■ YOUR ASSIGNMENT ■
Beneath this line are the data; copy exactly the part of them that opens with the line containing "ChristineIsCooking.com: No Sugar" and closes with the line containing "驚異の沖縄せんべろ!3時間3軒3,000円で9杯6品", and only that part.

■ INPUT RECORDS ■
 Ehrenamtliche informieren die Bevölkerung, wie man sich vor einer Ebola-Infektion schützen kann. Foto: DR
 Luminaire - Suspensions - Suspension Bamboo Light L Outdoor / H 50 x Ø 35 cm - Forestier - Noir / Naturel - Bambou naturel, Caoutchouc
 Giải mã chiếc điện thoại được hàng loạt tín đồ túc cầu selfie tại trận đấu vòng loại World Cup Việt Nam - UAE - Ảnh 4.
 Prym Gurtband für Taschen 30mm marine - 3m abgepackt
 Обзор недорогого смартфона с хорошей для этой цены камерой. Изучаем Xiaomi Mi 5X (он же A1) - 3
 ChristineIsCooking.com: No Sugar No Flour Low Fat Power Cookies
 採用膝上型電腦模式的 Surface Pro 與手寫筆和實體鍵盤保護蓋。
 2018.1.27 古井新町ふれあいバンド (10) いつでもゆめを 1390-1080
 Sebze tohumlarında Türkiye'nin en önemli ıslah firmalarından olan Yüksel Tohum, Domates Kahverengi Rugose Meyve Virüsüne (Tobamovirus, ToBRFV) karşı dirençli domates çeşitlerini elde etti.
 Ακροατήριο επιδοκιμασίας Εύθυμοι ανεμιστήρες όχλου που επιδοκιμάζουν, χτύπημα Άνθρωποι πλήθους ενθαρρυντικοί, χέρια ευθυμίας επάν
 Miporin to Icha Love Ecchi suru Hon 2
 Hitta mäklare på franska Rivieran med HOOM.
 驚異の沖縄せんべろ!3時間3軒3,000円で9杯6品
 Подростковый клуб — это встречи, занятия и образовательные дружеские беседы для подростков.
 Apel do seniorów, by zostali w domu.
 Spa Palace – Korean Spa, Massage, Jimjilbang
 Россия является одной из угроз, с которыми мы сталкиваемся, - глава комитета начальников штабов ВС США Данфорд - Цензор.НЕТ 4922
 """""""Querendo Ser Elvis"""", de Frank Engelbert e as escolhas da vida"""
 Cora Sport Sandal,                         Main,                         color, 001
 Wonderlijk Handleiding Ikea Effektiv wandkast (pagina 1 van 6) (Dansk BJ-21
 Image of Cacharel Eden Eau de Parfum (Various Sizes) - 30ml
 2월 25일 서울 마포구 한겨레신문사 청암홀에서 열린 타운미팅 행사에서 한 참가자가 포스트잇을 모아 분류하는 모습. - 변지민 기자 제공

■ REPLY TO THE EXERCISE ■
 ChristineIsCooking.com: No Sugar No Flour Low Fat Power Cookies
 採用膝上型電腦模式的 Surface Pro 與手寫筆和實體鍵盤保護蓋。
 2018.1.27 古井新町ふれあいバンド (10) いつでもゆめを 1390-1080
 Sebze tohumlarında Türkiye'nin en önemli ıslah firmalarından olan Yüksel Tohum, Domates Kahverengi Rugose Meyve Virüsüne (Tobamovirus, ToBRFV) karşı dirençli domates çeşitlerini elde etti.
 Ακροατήριο επιδοκιμασίας Εύθυμοι ανεμιστήρες όχλου που επιδοκιμάζουν, χτύπημα Άνθρωποι πλήθους ενθαρρυντικοί, χέρια ευθυμίας επάν
 Miporin to Icha Love Ecchi suru Hon 2
 Hitta mäklare på franska Rivieran med HOOM.
 驚異の沖縄せんべろ!3時間3軒3,000円で9杯6品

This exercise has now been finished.